The treatment approaches used in patients in the present study was based more on pharmacological interventions than on psychotherapy alone. This was likely due to the prescribing psychopharmacological intervention is simple, and also more patients adhere to such treatments. Psychiatrists considered psychiatric interventions in 16.9% of cases. Although supportive psychotherapy and crisis intervention was carried out, it was not recorded, which may primarily be due to the fact that these interventions are not covered by medical insurance.

Following initial psychiatric consultation, 87% of the patients were assigned to follow-up and to receive continued psychiatric care. The provision of follow-up contact in the case of diagnostic or therapeutic consultation affords the opportunity to check a patient’s status (25).

One limitation of the present study is related to the lack of precision in accurate recording of some psychiatric consultation data in the form of counseling. Although we attempted to put a copy of the conducted consultation in each respective file, it may be missed, due to forgetfulness or because the physician is not thorough when examining the file contents. Another important limitation of the current study was that the Imam Khomeini Hospital only has educational wards, however, Bu Ali Hospital has both educational and therapeutic wards, which its educational ward is consisted of neurological and various wards of pediatrics. In Bu Ali Hospital, given that there was no pediatrics specialty in the consultation-liaison psychiatry group, requested psychiatric consultation rate was less than the Imam Khomeini Hospital. We propose that further studies should be performed with regard to how CLP services can improve their capacity for recognition of psychiatric disorders and their treatment in general hospitals.

5.1. Conclusion

Although there is a high prevalence of psychiatric comorbidities in patients in general medical hospitals, the lack of medical specialists and nursing staff may mean that psychological distress goes unrecognized, with a consequent delay in appropriate interventions.

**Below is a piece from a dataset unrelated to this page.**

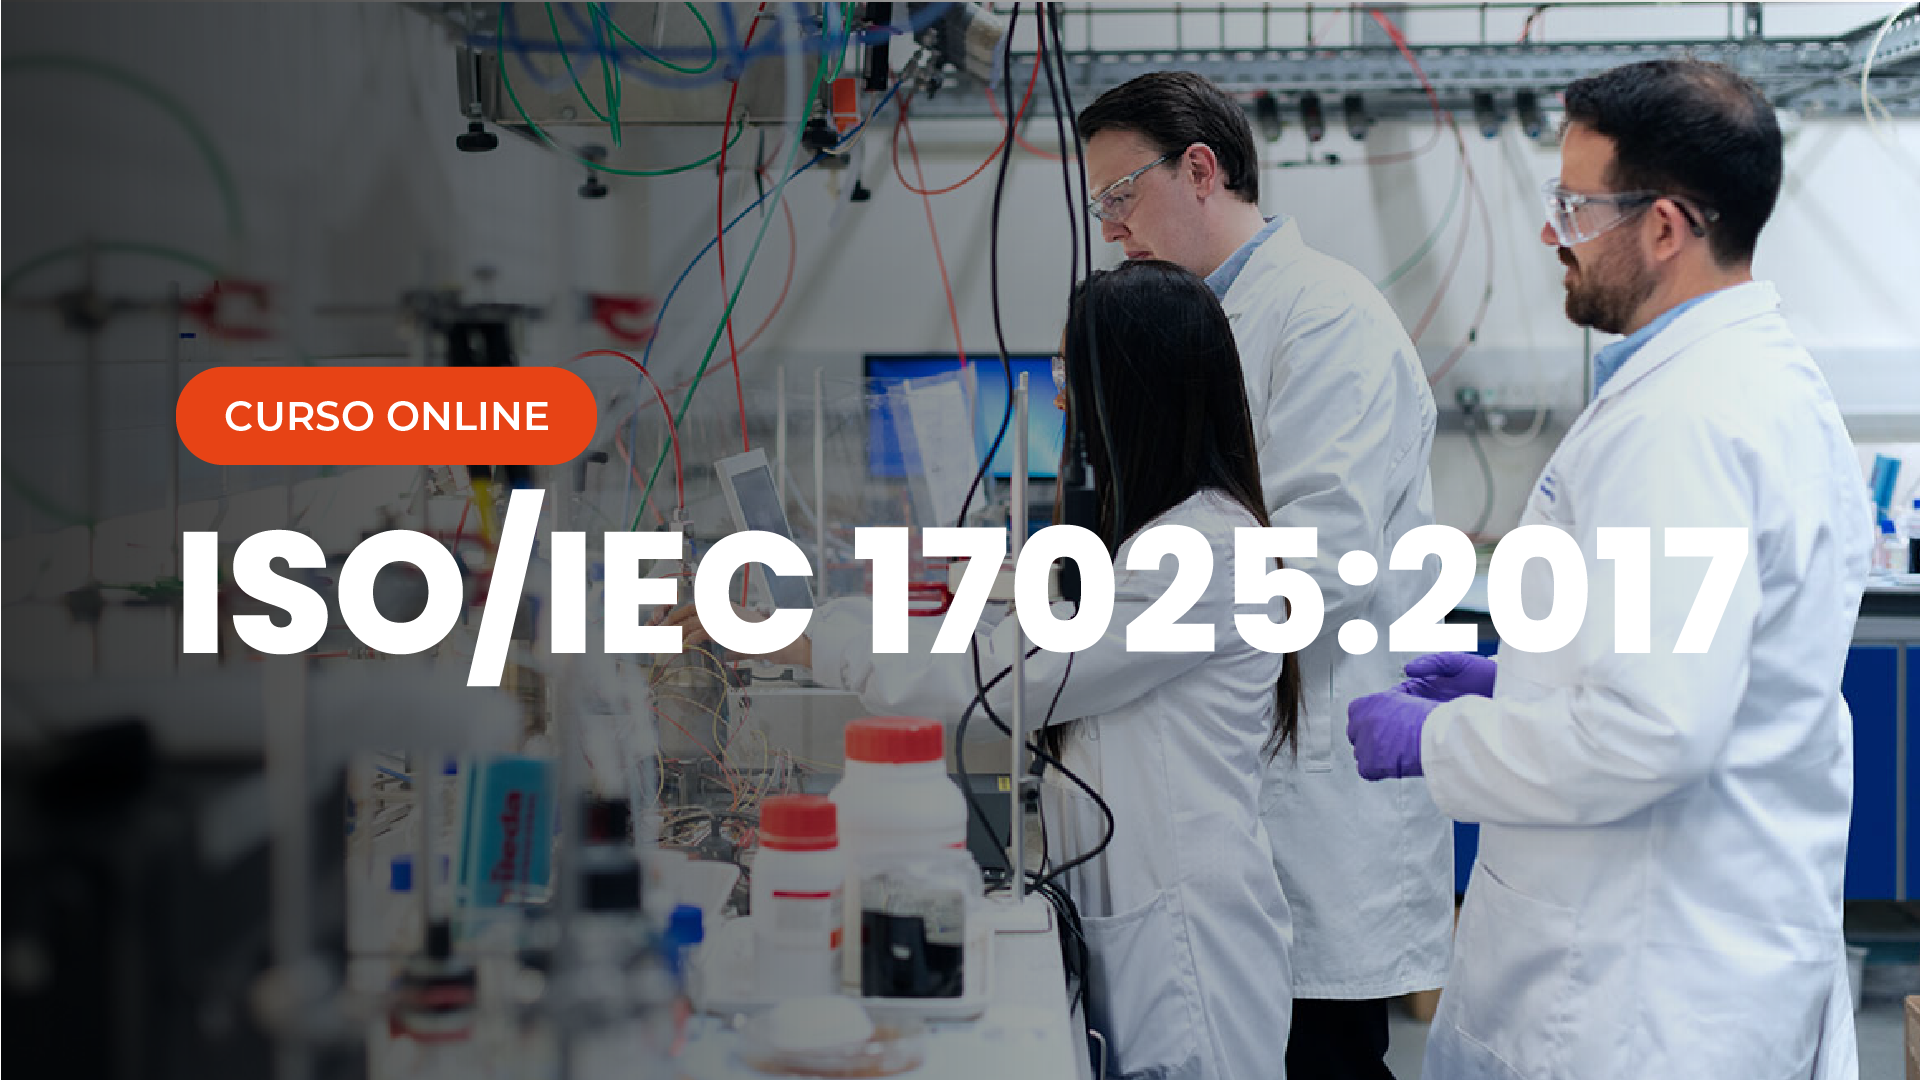 Curso Online ISO IEC 17025 2017 Requisitos gerais para competência de laboratórios de ensaio e calibração

The establishment of CLP services in each hospital is an important and useful implementation. In addition, appropriate psychiatric consultation can ensure that the majority of patients with psychiatric disorders can be maintained in the ward to which they have been admitted, and can receive treatment interventions. In order to ensure an effective performance, psychiatric liaison staff should be trained in a multiplicity of consulting roles and should improve their skills in addressing the treatment of inpatients and outpatients. Further, non-psychiatric physicians should increase their knowledge of, and attitude toward, the psychosocial aspects of medical disorders in order to make appropriate psychiatric referrals if required. In addition, it is proposed that consultation liaison service contains pediatrics and adults psychiatrists.